KNOWLEDGE CENTRE

How important are post employment confidentiality clauses?

How important are post employment confidentiality clauses?

February 11, 2017

Confidentiality…

How important are post employment confidentiality clauses in Early Years?

Don’t breach my confidentiality! is a plea many an employer makes when they take on a new member of staff. The question of whether employees in general should have post employment restrictions in their standard terms and conditions has come up again this week.

In Early Years’ your staff have access to all range of confidential, sensitive and critical information about your parents, children and in some cases fellow employees.

Here’s just a few off the top of my head:

  • Which parents are living together
  • Which children are subject to a Child Protection Plan
  • What allergies a child has
  • What SEND status a child is
  • Who’s has an allegation about them
  • What’s on someone’s DBS certificate
  • What’s on someone’s Statement of Fitness for Work.

The list can go on and on… Can you imagine what could happen if confidential information was shared. The consequences wouldn’t bear thinking about.

Here at Redwing we’ve been using post employment restrictions (no poaching, no competing, no soliciting) where applicable and not as standard T&C’s. Many contracts just don’t need them, for example your Nursery Nurse is hardly going to poach her colleagues to join her in her new setting, and as she’s not a Manager its not considered good practice for her to be restricted in this way.

Increasingly though staff who leave an Early Years’ setting are breaching the confidentiality of their previous employer. It’s becoming a problem that makes us now wonder whether the confidential post employment clause needs to be given more focus.
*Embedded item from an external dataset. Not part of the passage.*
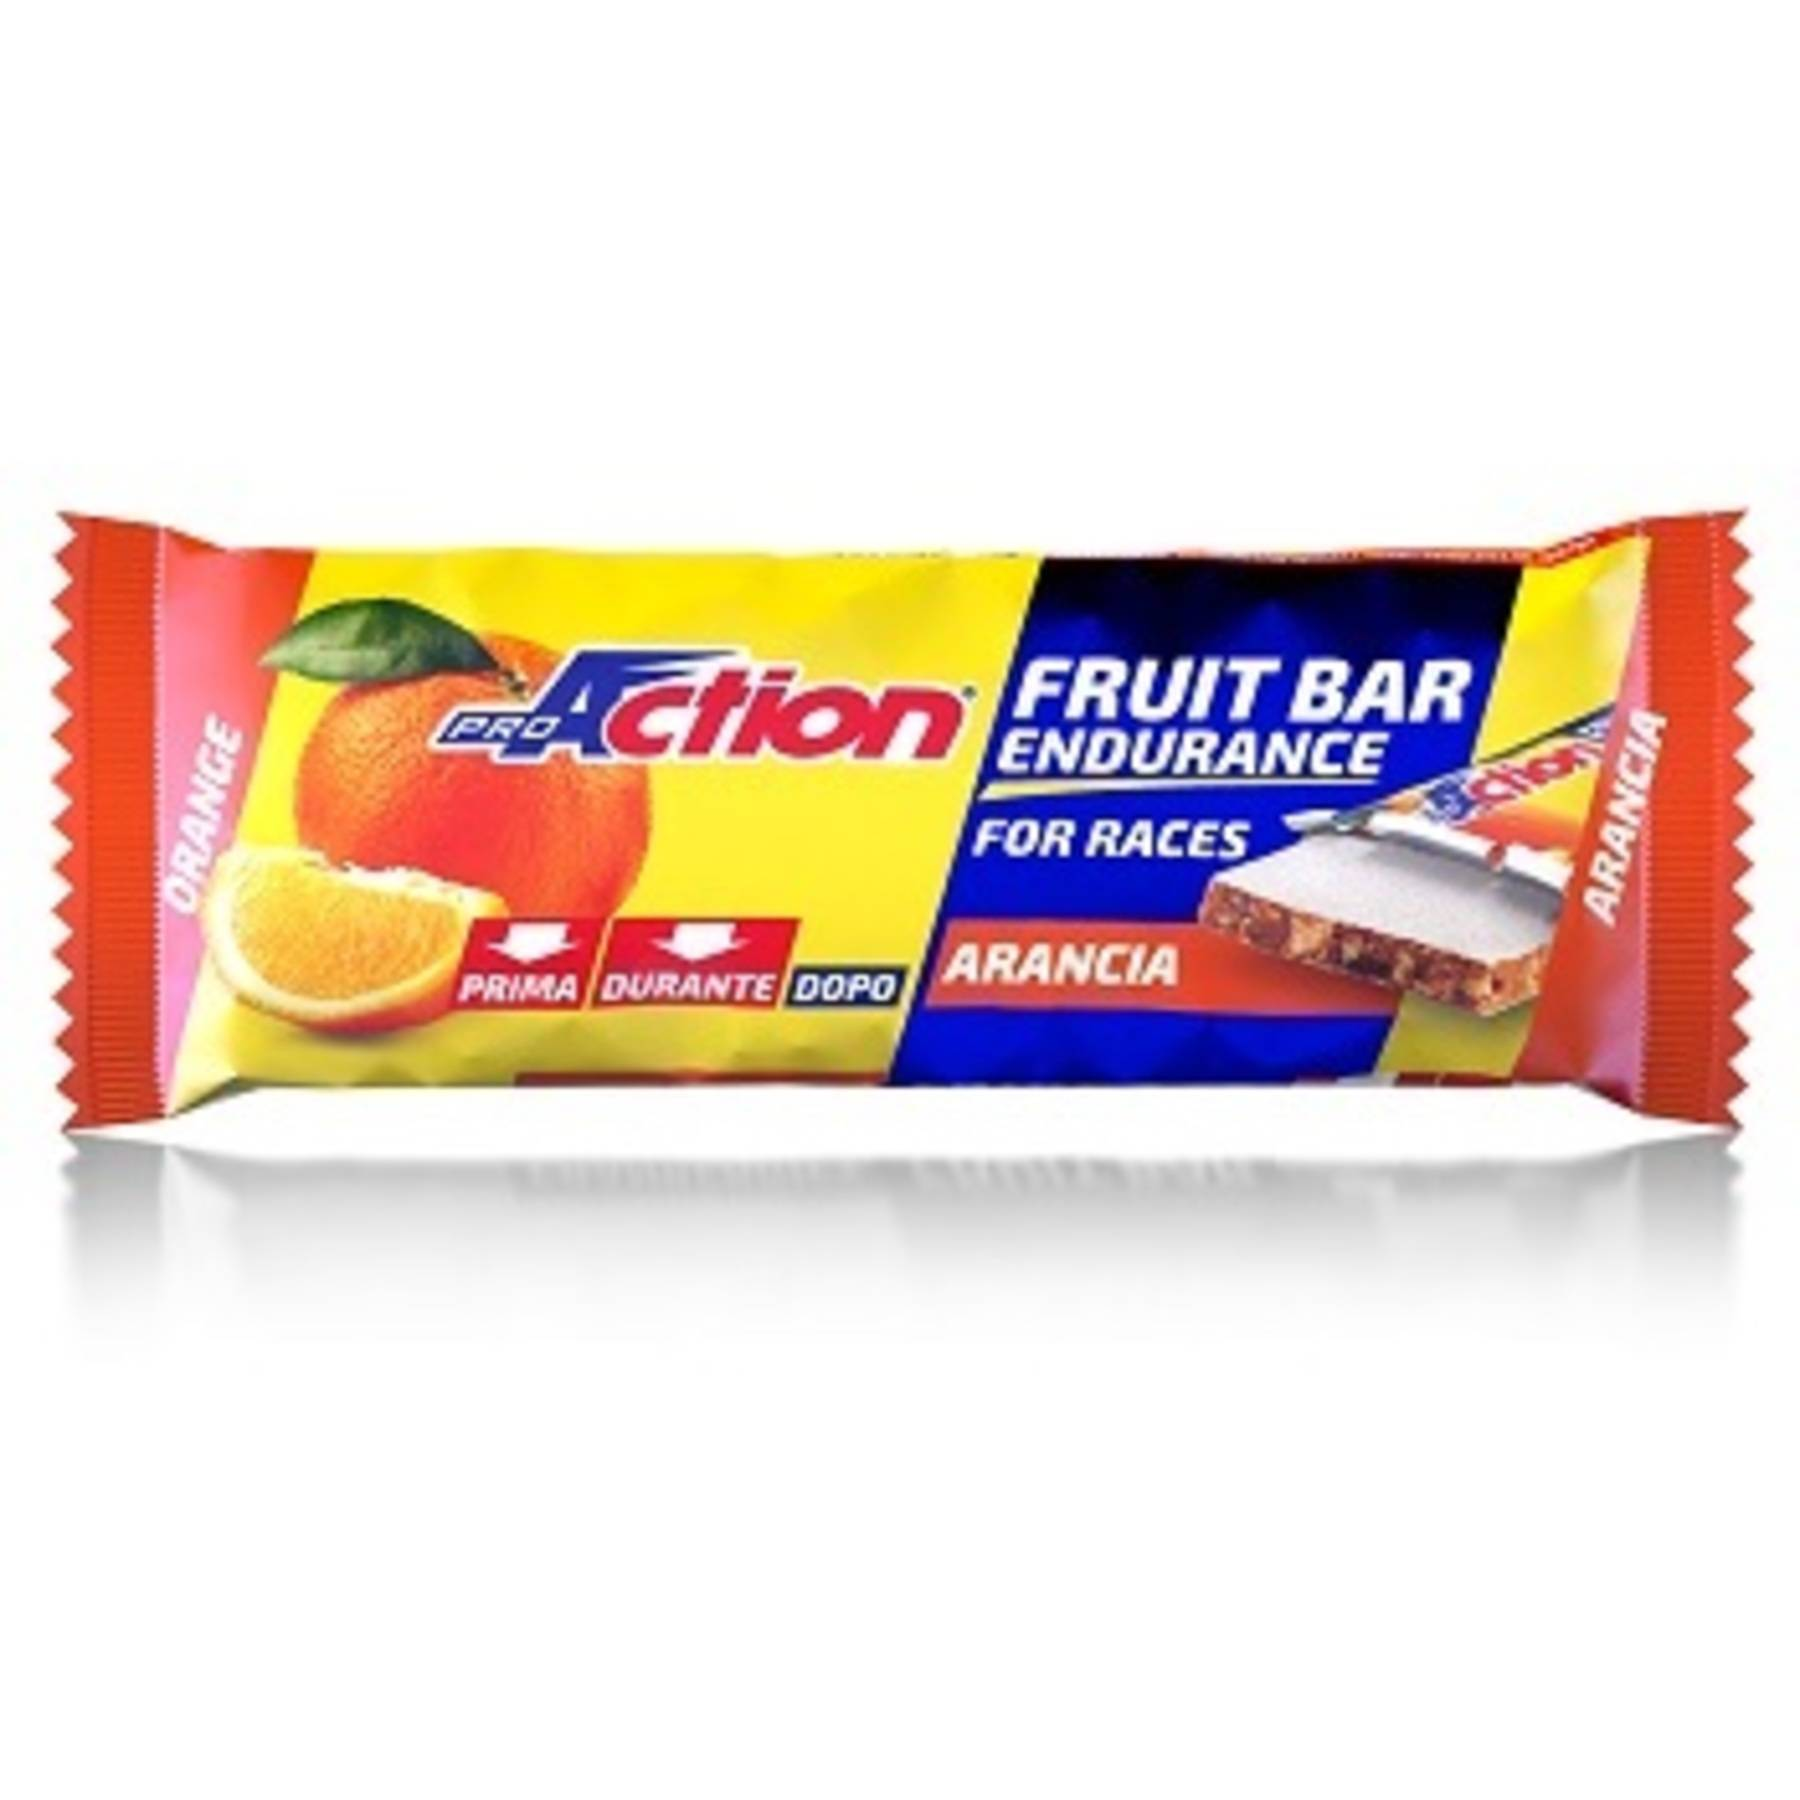 proaction srl proaction fruit bar barretta energetica all'arancia 40 g

In the world of employment most employers seek to protect their confidentiality. It’s often customer lists, intellectual know how, trade secrets from the new employer (often the competition) exploiting this info when the ex-employee joins them. This is one of the reasons why sales people often have garden leave clauses in their T&Cs.
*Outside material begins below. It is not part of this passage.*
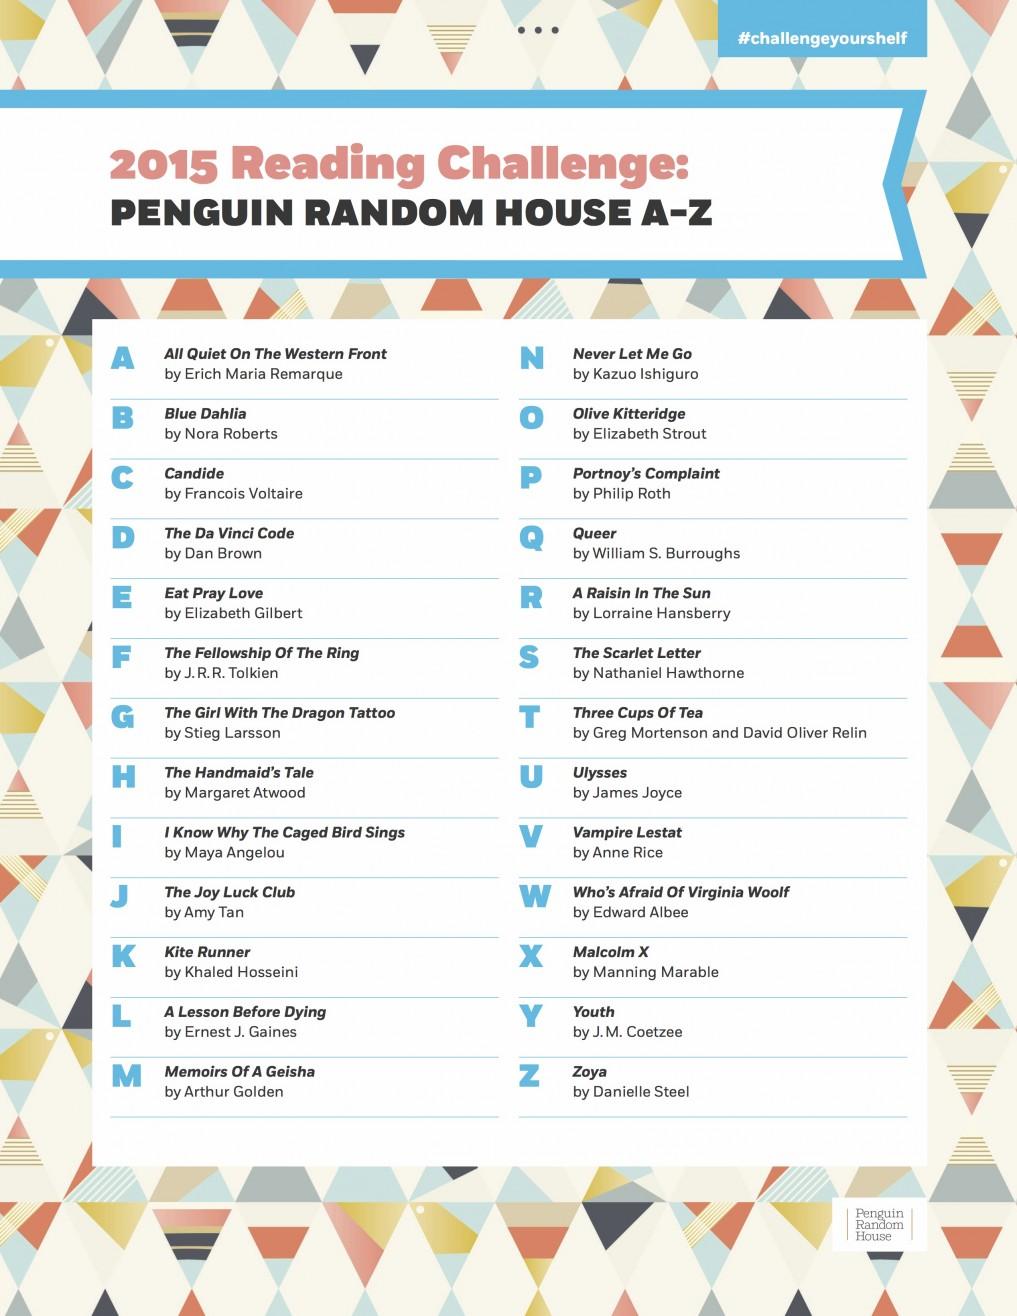 readingchallenge-2015-penguinrandomhouse-AtoZ (1)

Many employers contain confidentiality clauses in their T&Cs. They are good idea, but if you don’t use them it shouldn’t matter as confidentiality is considered to be an implied term.

Now what do I mean by a implied term?

An implied term is one that is too obvious to state. An expressed term however, is one that isn’t obvious and needs to be stated. So protecting the confidentiality of your previous employer is considered obvious and implied, but how much notice you have to give is not obvious and has to be expressed.

In a world where we like to be specific with our staff and set out our expectations clearly can we do more? Well here at Redwing we think we can.

Here’s my thoughts:

  1. Find out about someone’s values in selection interviews. If you are about to hire a person who likes to gossip, and talk about other people behind their backs, Early Years is not a place for them.
  2. Ask references, whether the ex-employee was confidential. They may not answer but you can ask.
  3. Induct staff carefully about what it means to be confidential in an Early Years’ setting and the consequences of breaches.  Case Studies would be good here and in many case would be cross reference to safeguarding.
  4. Use a robust confidentiality clause in T&Cs, advise explicitly that this will be post employment as well as during employment.
  5. When someone leaves perhaps we should remind them of their implied duty of confidentiality to the ex-employer post employment when we write to acknowledge their resignation. A paragraph carefully worded and assuming compliance would be a good idea, one threatening an ex-employee would not. Tone is everything.
  6. If a breach of confidentiality occurs, write to the ex-employee advising that they are restricted by a post employment restriction in terms of confidentiality and ask them to refrain from further breaches or you will seek to obtain an injunction.